==== SUPPLIED MATERIAL ====
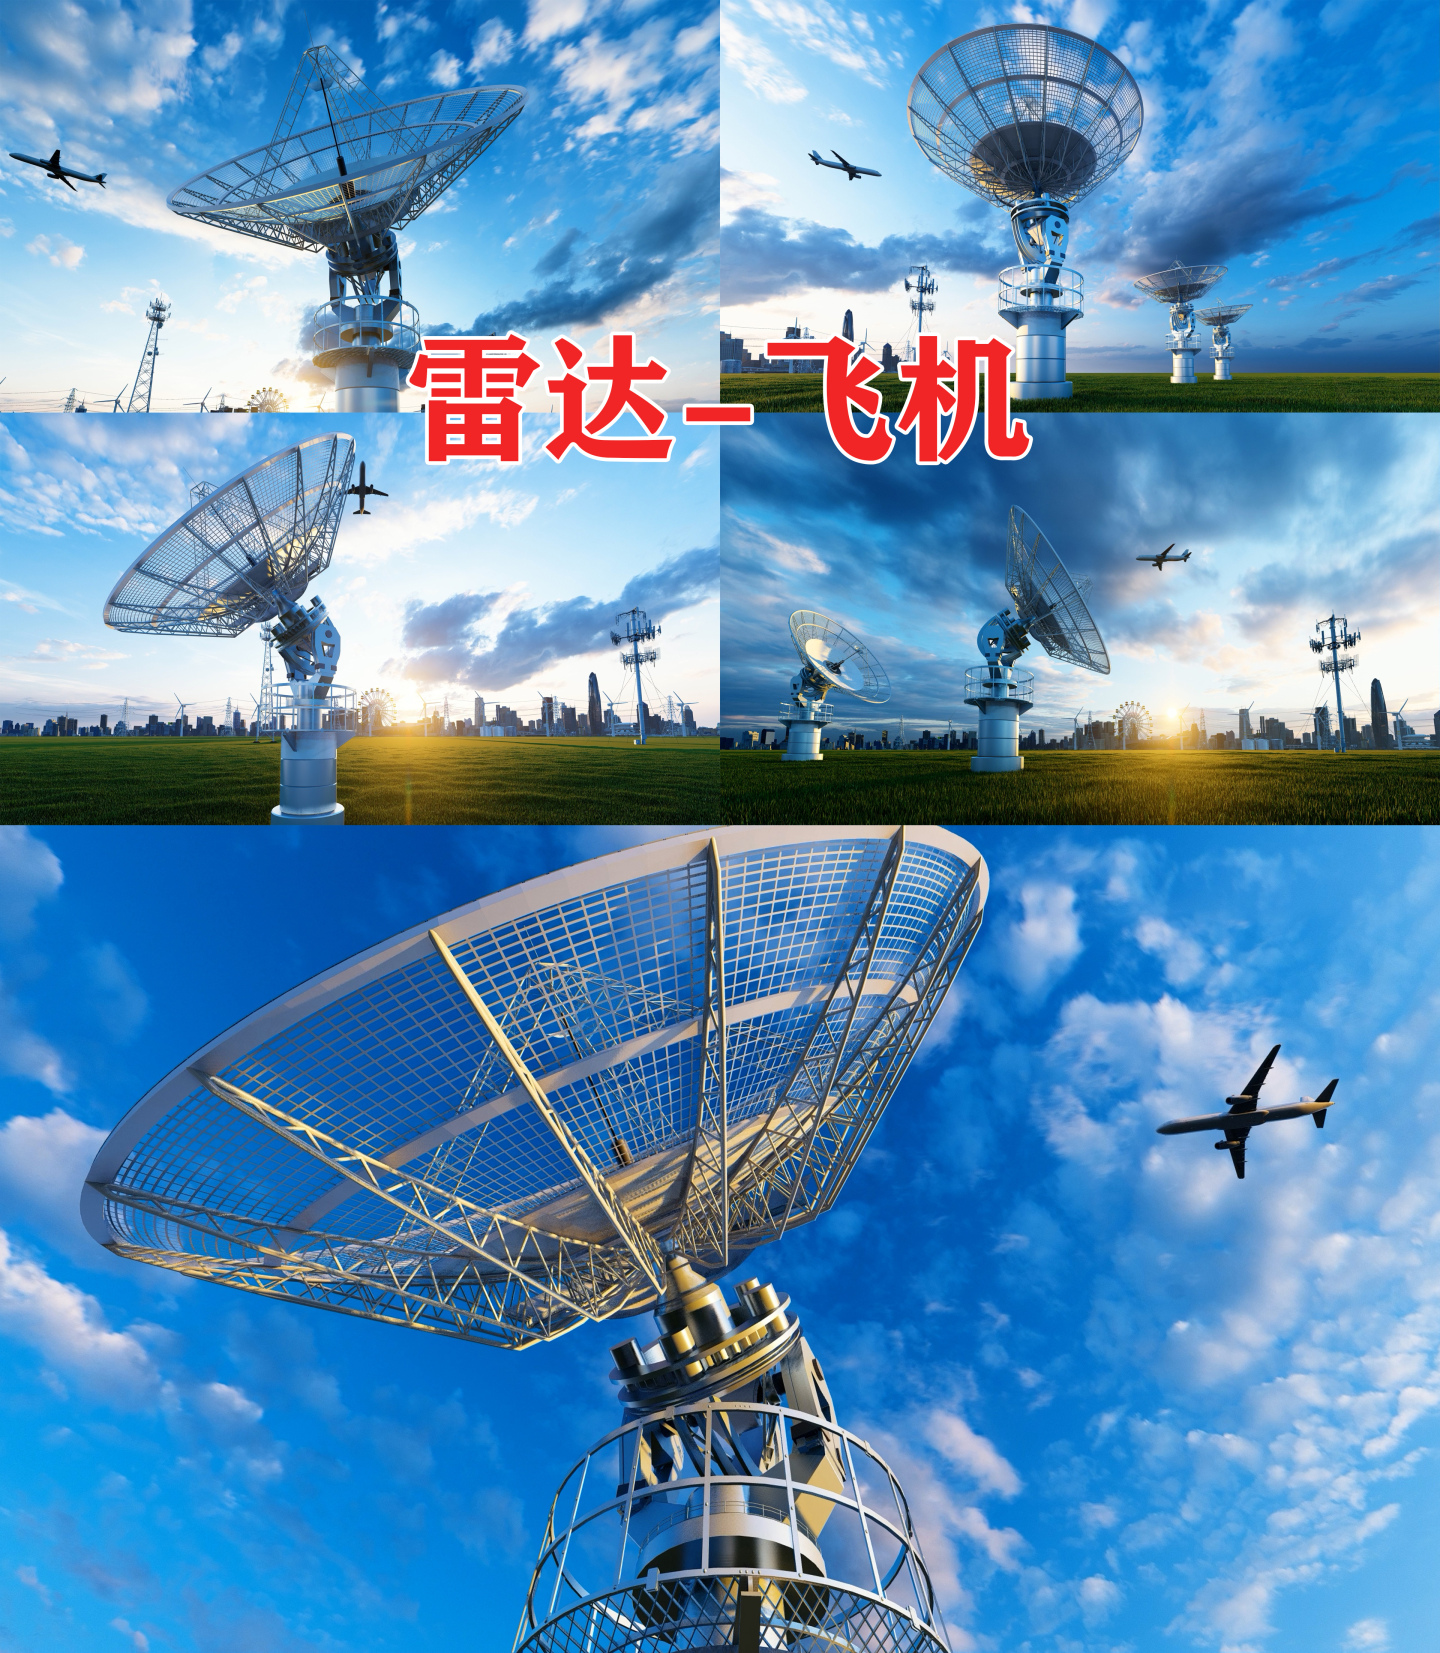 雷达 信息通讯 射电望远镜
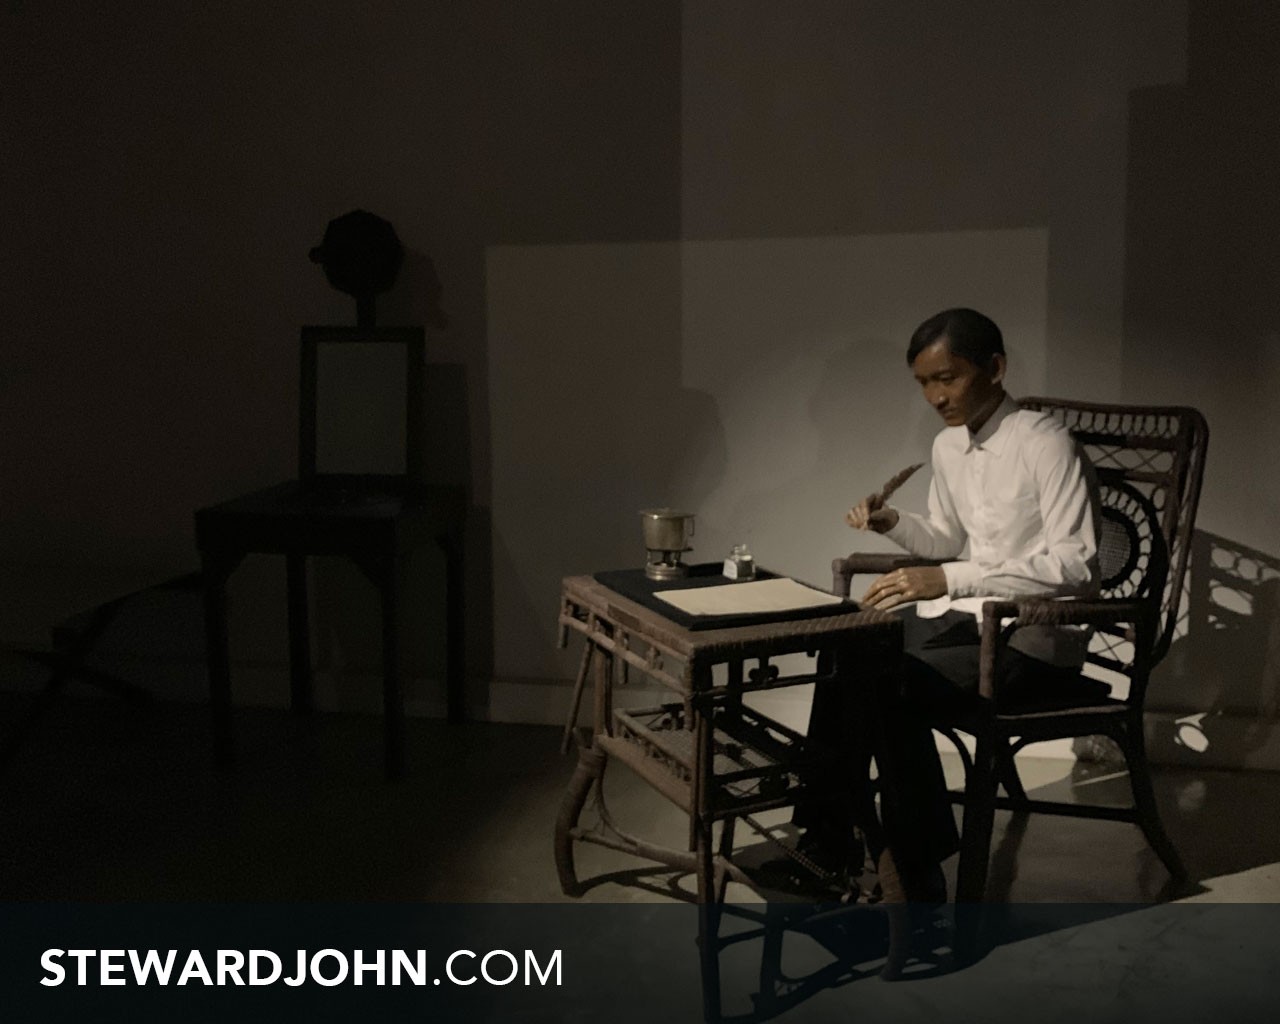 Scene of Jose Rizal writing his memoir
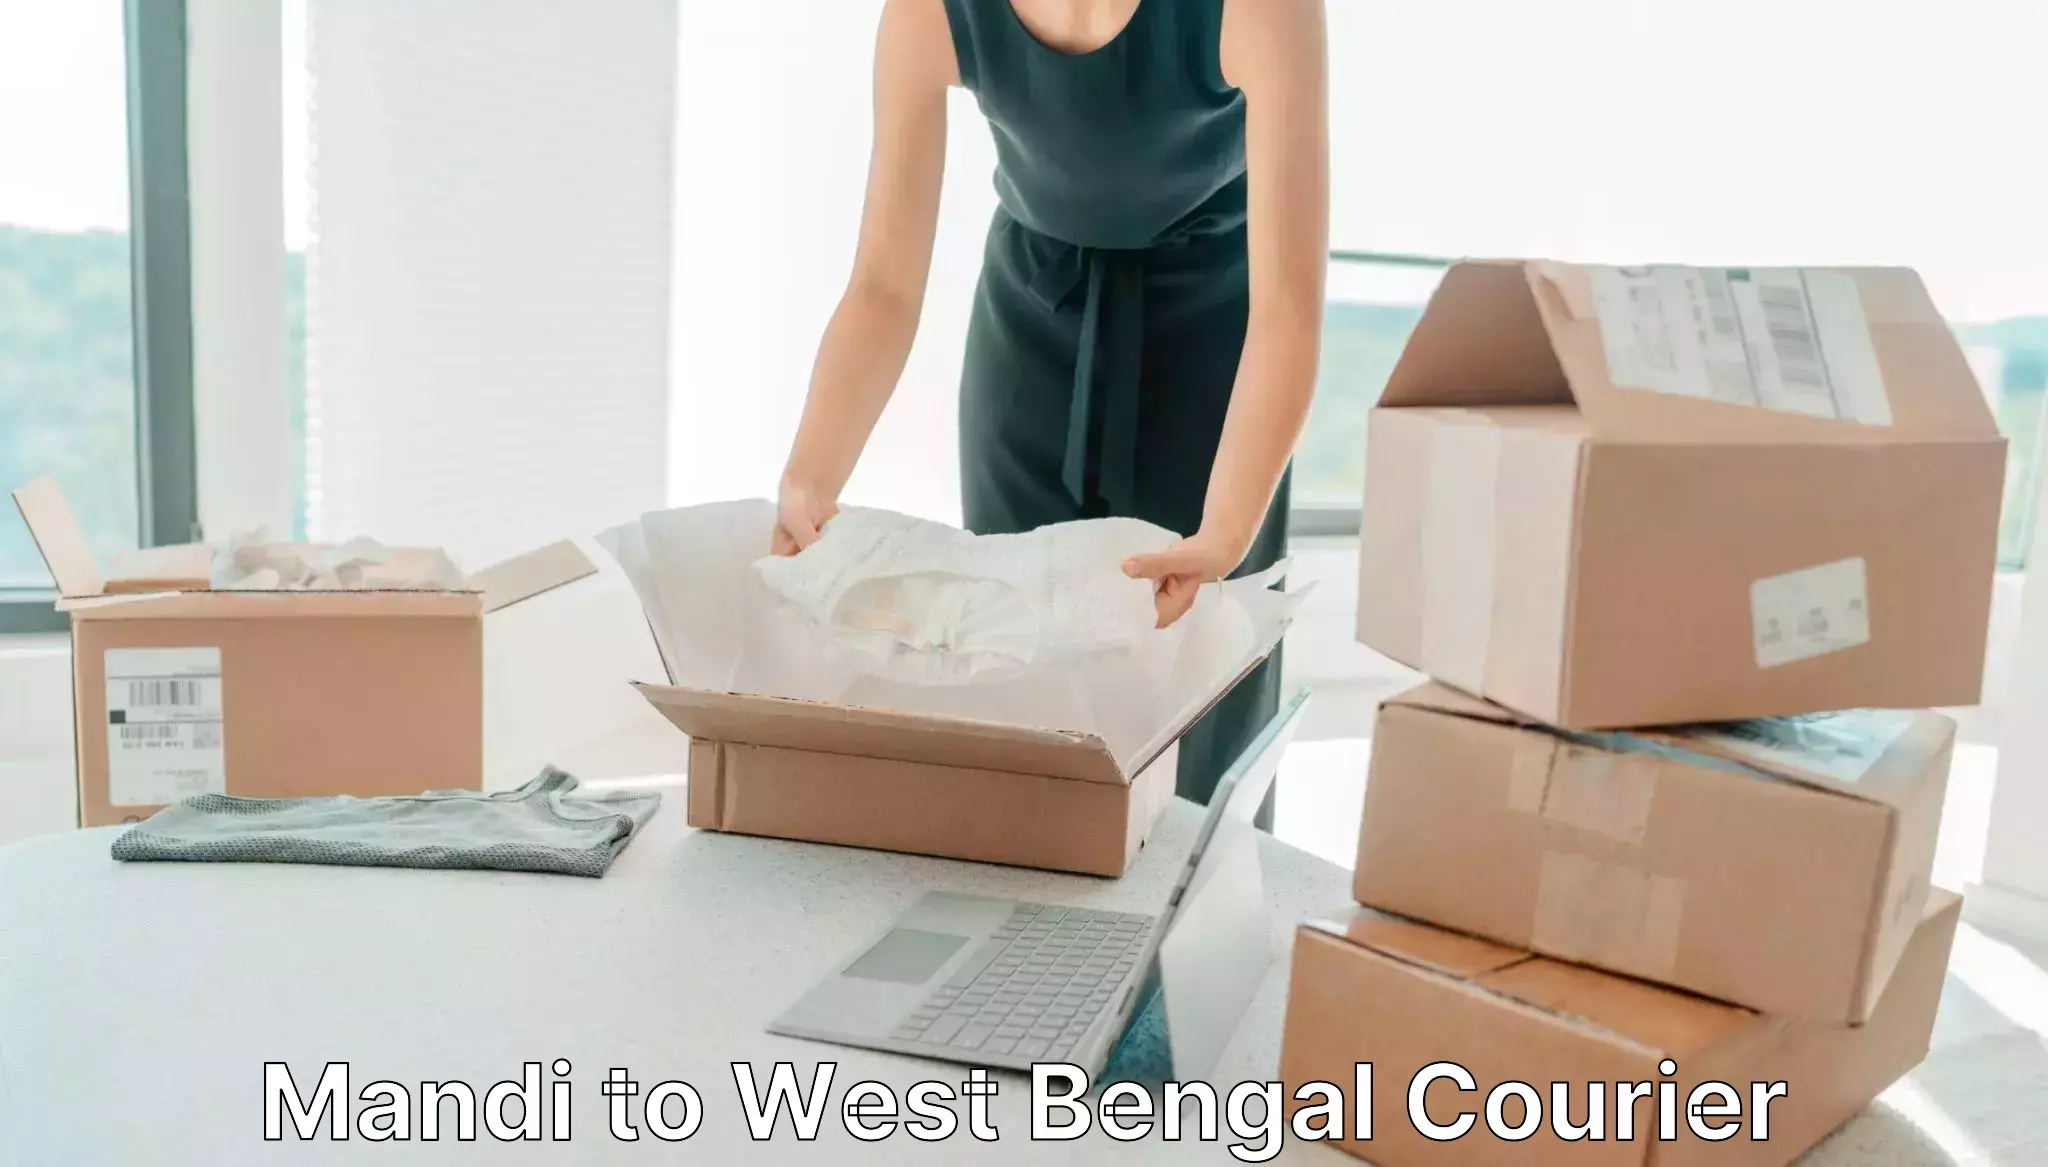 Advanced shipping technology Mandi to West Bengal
====
__WORK INSTRUCTION__: No image belongs in the copy. Transcribe the full listing verbatim.

__OUTPUT__:
 雷达 信息通讯 射电望远镜
 Scene of Jose Rizal writing his memoir
 Advanced shipping technology Mandi to West Bengal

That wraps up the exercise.